__About this exercise__
Could you find each line of the data below that contains the word "Cuff" and copy those lines?

(Data excerpts)

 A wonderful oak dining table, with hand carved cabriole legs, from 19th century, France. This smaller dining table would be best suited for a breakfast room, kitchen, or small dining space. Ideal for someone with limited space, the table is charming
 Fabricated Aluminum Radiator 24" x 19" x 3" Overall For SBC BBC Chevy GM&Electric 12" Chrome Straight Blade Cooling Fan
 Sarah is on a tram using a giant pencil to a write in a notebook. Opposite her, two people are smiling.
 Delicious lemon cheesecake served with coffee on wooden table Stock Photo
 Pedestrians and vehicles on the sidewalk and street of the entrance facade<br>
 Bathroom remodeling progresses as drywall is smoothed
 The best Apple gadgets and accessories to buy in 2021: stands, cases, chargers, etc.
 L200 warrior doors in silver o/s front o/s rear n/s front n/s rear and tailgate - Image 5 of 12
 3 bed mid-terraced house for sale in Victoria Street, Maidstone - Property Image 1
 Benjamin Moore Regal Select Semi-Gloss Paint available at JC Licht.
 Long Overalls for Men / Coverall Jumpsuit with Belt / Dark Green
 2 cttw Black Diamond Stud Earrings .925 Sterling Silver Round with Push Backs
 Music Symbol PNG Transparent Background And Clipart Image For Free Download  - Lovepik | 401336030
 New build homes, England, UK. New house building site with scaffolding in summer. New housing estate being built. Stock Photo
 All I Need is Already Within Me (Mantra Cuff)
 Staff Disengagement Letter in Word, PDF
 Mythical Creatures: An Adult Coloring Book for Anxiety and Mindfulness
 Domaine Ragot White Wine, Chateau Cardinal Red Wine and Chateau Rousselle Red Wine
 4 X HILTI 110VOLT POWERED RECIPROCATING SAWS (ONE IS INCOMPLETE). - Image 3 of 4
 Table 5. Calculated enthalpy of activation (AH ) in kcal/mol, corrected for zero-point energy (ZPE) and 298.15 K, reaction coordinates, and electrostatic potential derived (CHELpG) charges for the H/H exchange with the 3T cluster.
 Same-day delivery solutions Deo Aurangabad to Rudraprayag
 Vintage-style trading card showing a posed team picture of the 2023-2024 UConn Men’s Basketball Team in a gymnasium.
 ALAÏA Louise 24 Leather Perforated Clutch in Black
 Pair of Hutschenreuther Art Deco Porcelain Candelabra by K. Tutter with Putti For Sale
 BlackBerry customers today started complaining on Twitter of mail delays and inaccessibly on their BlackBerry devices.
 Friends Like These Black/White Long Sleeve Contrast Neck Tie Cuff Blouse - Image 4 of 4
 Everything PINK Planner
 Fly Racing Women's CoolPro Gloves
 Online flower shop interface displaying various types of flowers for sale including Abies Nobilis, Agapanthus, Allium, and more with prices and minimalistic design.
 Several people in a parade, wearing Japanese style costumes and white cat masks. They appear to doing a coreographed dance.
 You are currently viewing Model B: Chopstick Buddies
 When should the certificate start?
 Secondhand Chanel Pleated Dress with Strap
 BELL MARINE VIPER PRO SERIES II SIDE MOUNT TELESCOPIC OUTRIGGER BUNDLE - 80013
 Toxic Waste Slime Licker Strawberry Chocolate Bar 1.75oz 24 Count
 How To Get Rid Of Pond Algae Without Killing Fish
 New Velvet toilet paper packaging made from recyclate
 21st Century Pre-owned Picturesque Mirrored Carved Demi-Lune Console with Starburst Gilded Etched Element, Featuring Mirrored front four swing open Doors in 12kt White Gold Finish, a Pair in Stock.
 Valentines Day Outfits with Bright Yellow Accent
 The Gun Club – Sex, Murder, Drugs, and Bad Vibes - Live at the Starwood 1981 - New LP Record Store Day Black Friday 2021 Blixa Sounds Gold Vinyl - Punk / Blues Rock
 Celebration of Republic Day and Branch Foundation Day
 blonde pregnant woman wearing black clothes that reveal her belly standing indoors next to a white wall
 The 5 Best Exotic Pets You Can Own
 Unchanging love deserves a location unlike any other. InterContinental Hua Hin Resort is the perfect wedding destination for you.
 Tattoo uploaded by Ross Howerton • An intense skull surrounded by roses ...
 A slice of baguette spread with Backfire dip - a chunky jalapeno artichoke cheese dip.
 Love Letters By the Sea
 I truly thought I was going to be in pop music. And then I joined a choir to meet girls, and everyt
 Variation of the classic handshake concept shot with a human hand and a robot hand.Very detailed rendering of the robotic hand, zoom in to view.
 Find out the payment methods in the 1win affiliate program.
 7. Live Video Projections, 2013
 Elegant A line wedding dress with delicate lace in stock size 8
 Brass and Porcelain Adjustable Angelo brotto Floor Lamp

__Answer section__
 All I Need is Already Within Me (Mantra Cuff)
 Friends Like These Black/White Long Sleeve Contrast Neck Tie Cuff Blouse - Image 4 of 4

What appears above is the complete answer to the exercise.